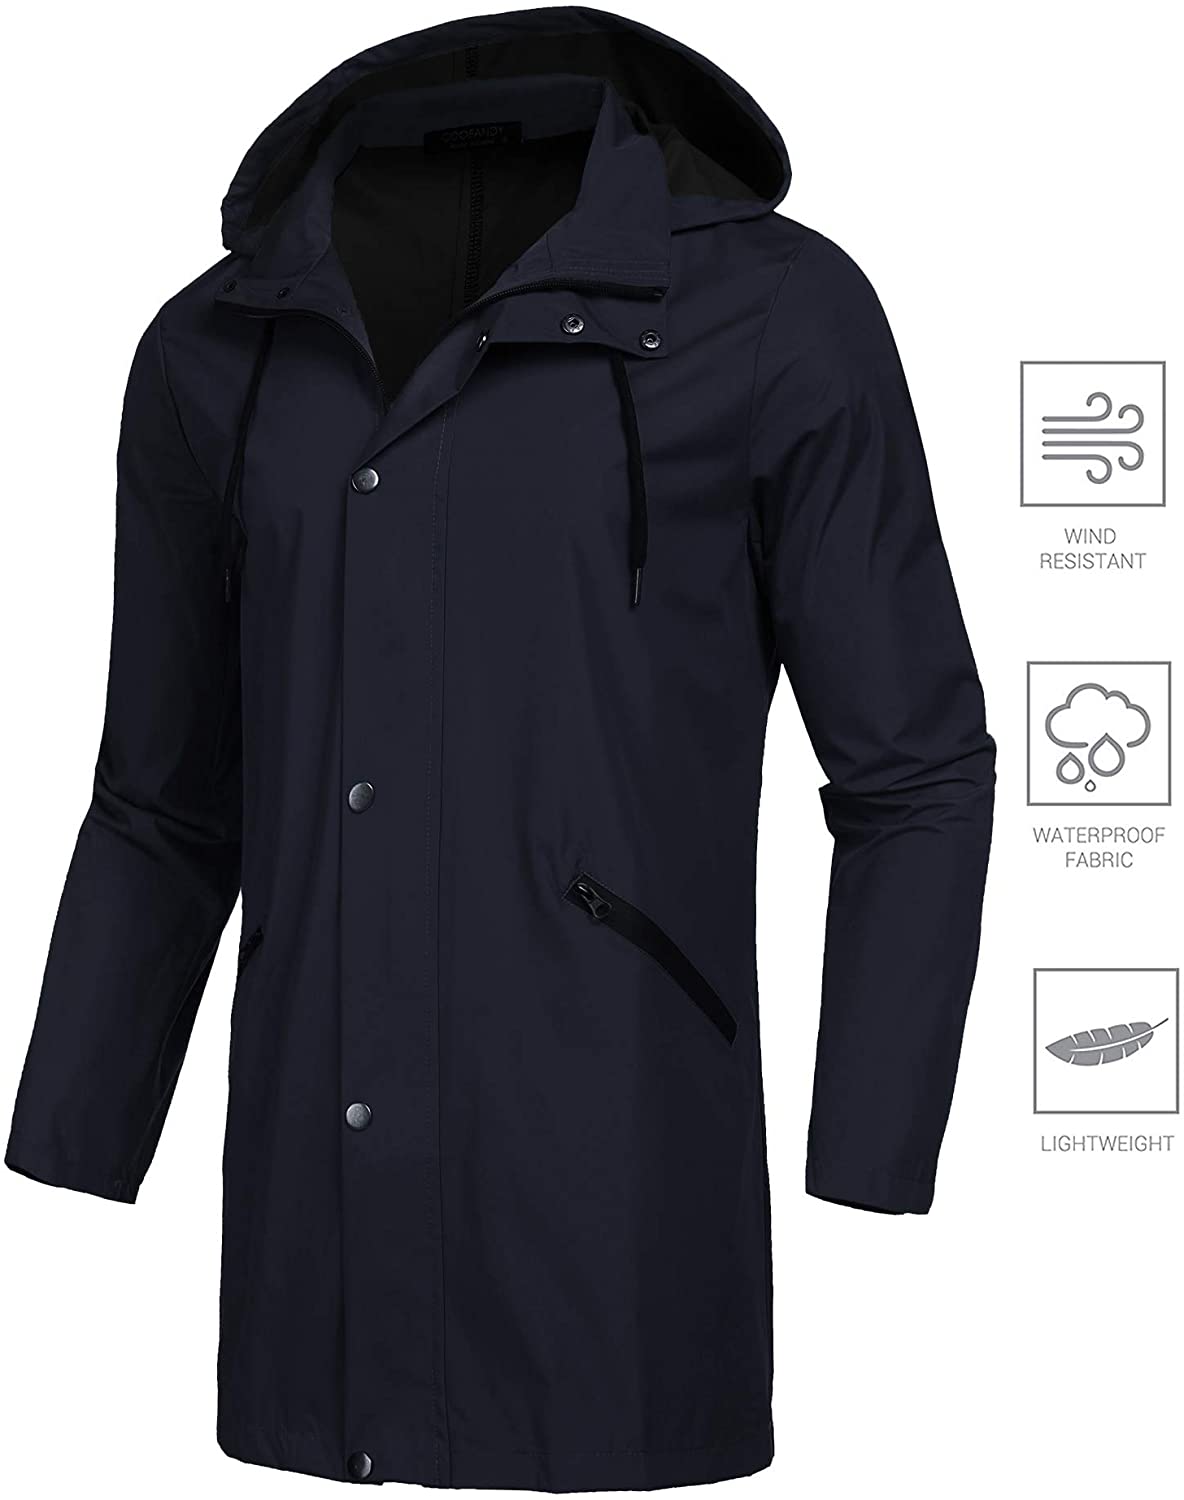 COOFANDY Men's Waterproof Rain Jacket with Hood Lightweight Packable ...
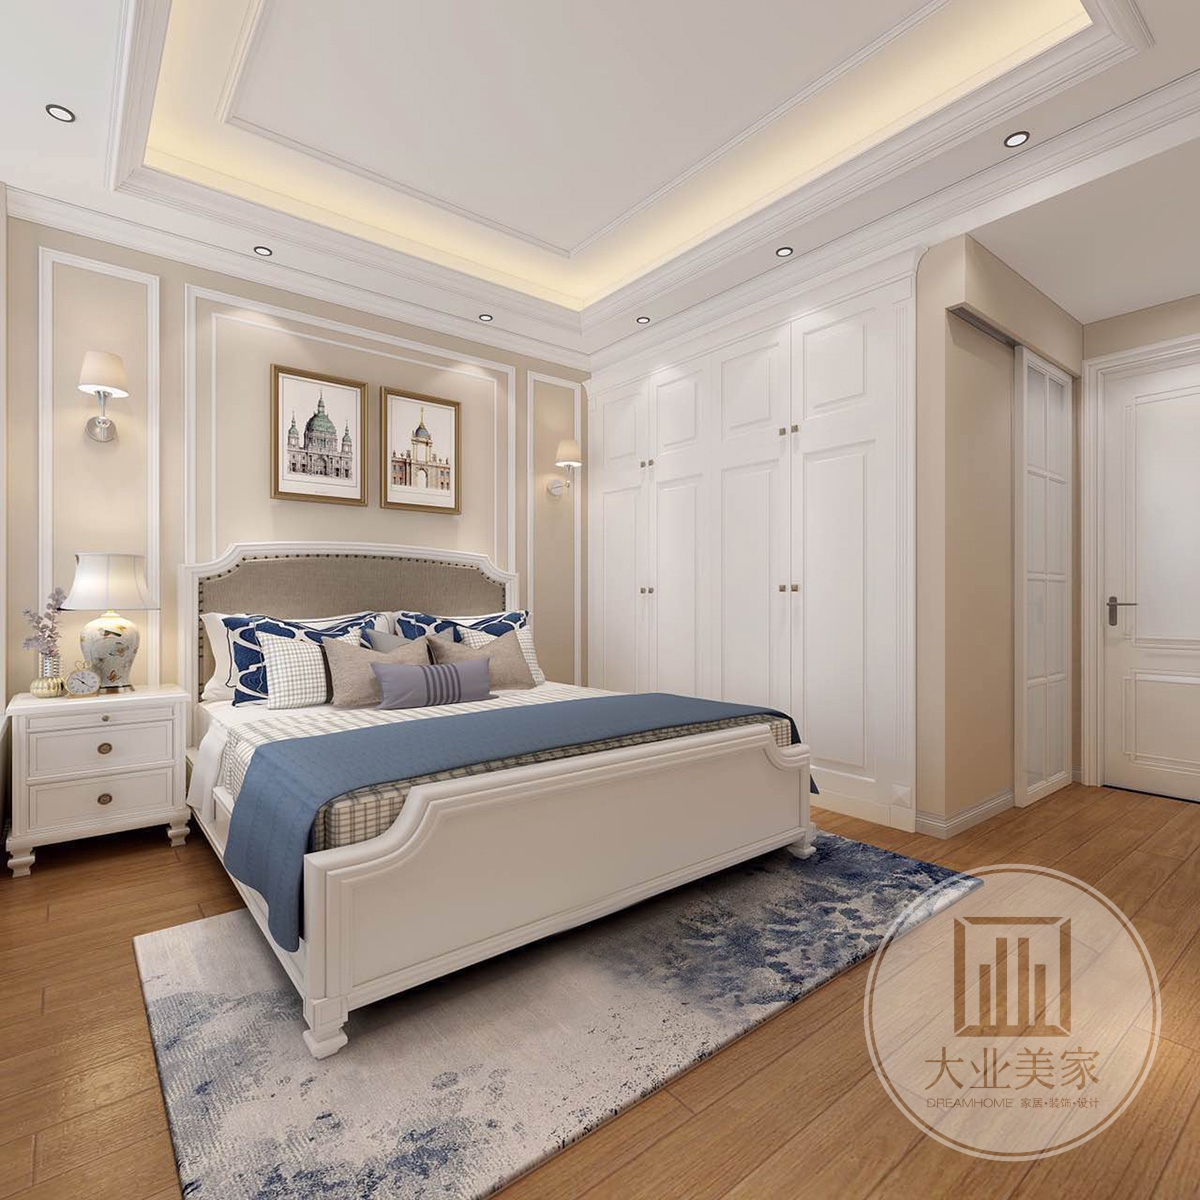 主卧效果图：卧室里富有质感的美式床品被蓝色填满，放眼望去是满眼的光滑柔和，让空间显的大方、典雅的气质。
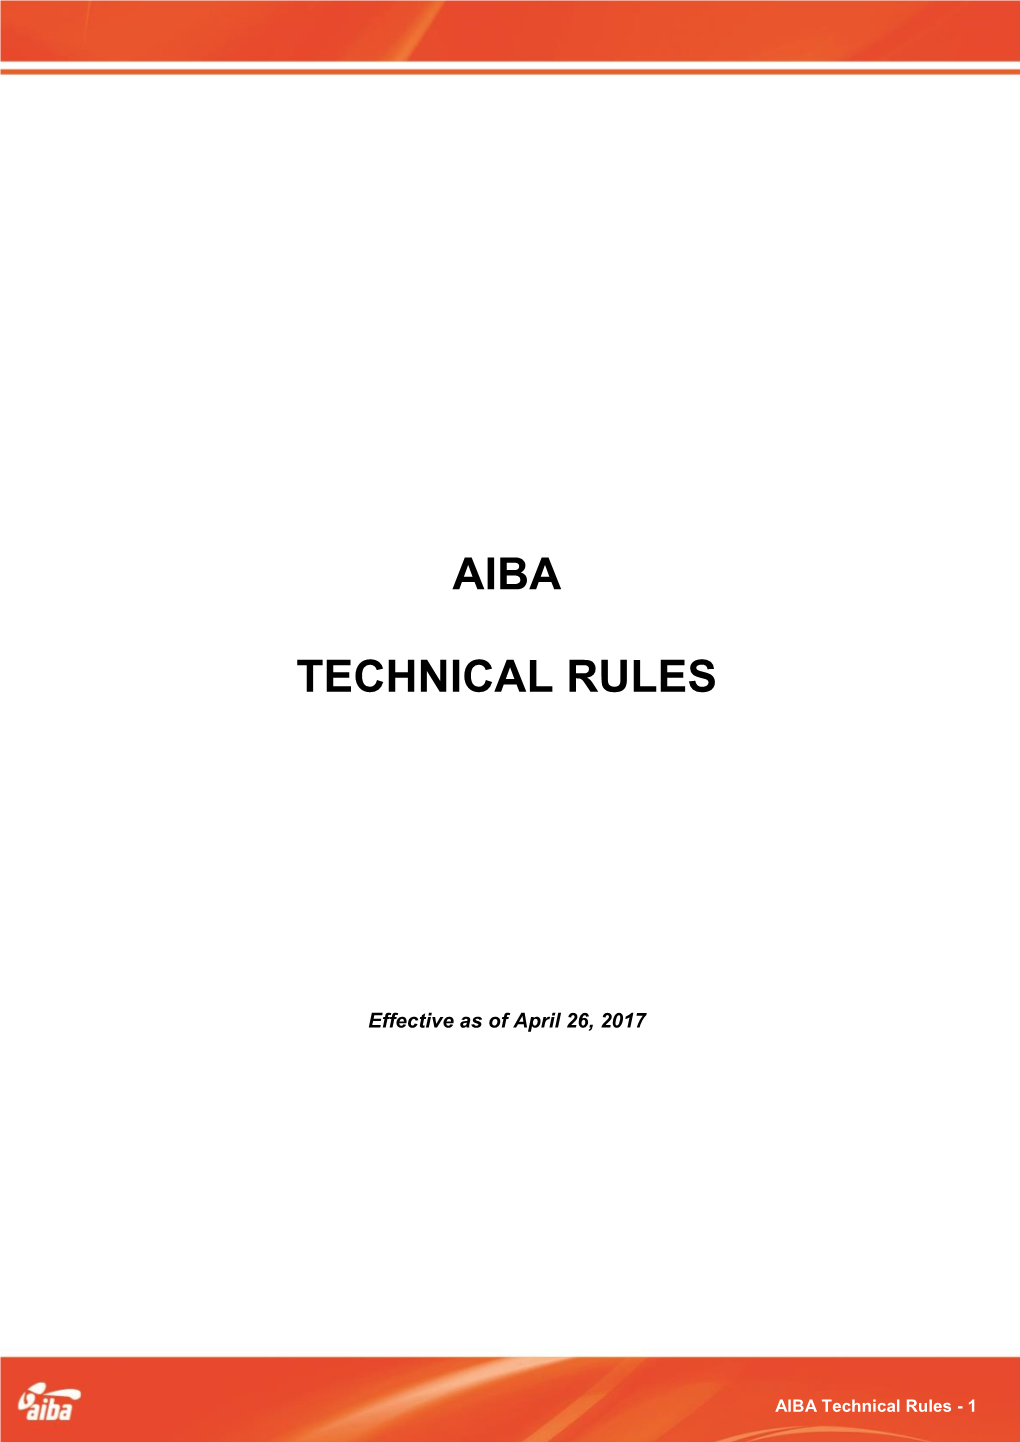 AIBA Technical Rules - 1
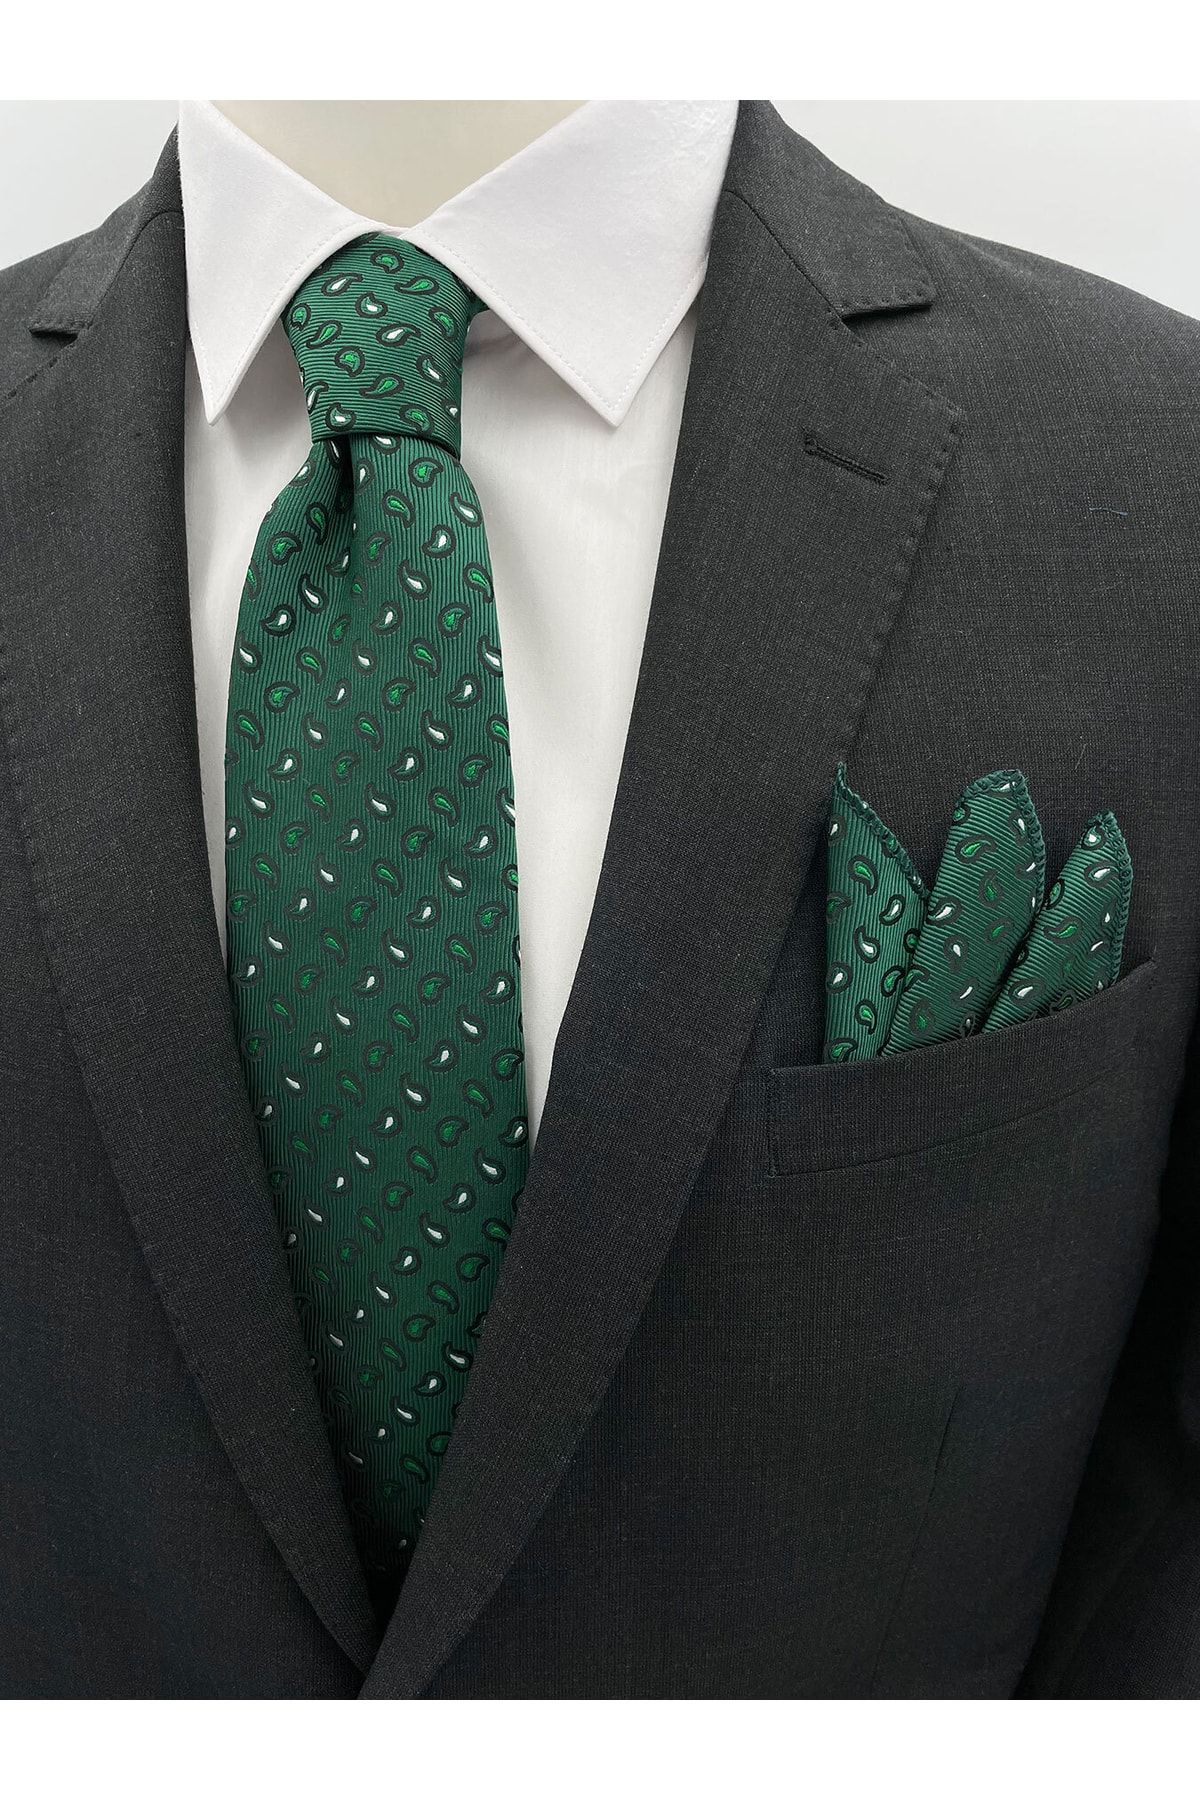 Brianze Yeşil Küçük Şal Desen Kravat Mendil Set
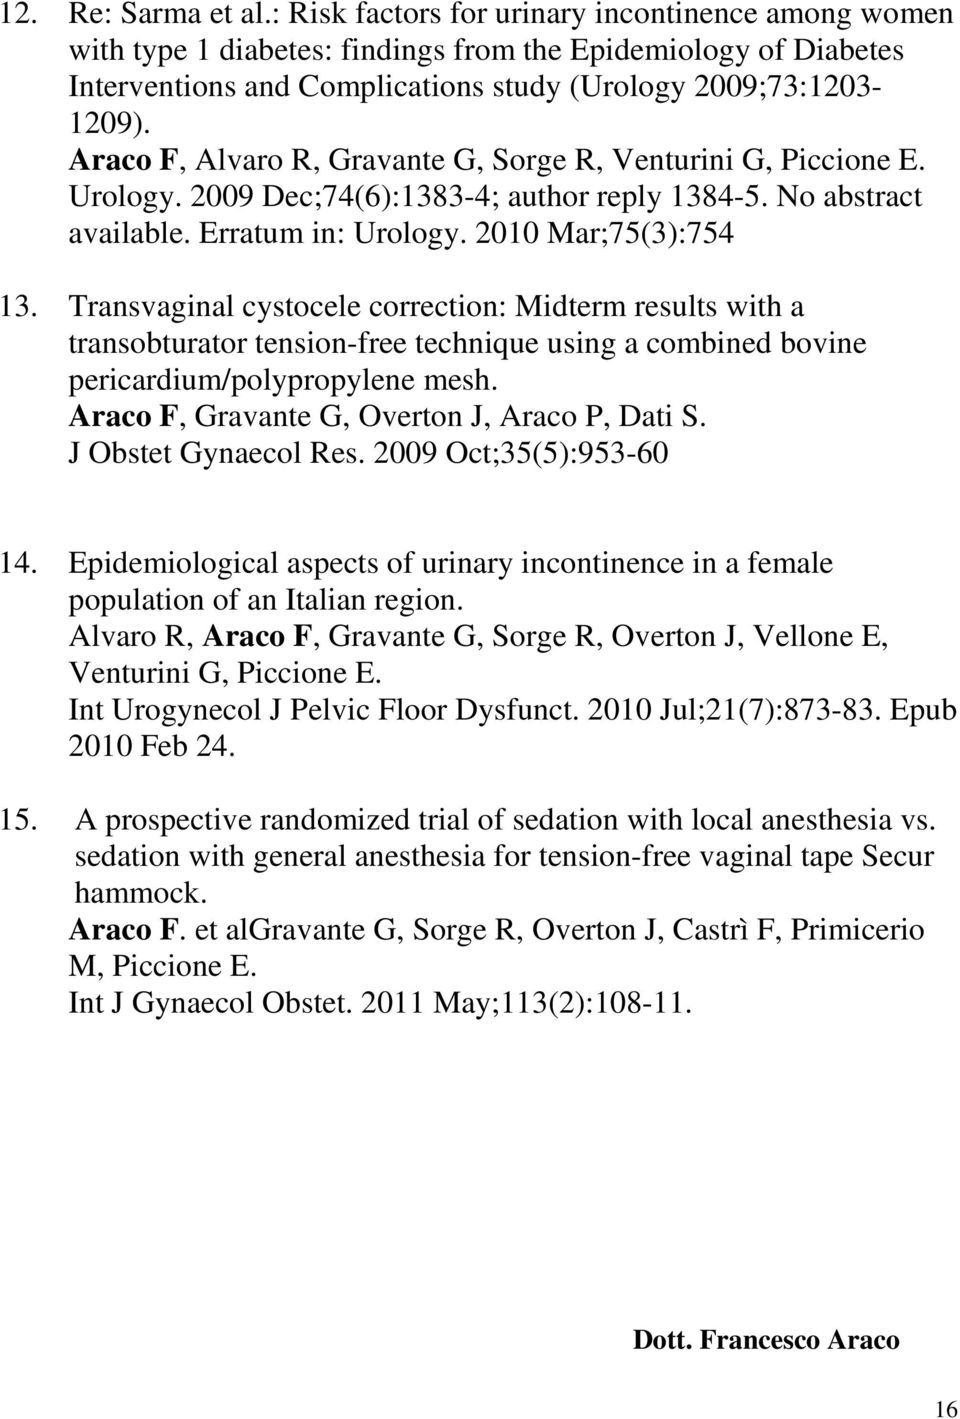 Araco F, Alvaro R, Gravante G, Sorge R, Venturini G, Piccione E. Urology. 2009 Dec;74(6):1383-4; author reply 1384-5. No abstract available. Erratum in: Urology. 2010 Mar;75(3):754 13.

■ ■ ■

> **Your assignment**:
Output the data exactly as it appears. The pictures do not belong in it.

> **Answer area**:
 COOFANDY Men's Waterproof Rain Jacket with Hood Lightweight Packable ...
 主卧效果图：卧室里富有质感的美式床品被蓝色填满，放眼望去是满眼的光滑柔和，让空间显的大方、典雅的气质。
 AIBA Technical Rules - 1
 Brianze Yeşil Küçük Şal Desen Kravat Mendil Set
 Araco F, Alvaro R, Gravante G, Sorge R, Venturini G, Piccione E. Urology. 2009 Dec;74(6):1383-4; author reply 1384-5. No abstract available. Erratum in: Urology. 2010 Mar;75(3):754 13.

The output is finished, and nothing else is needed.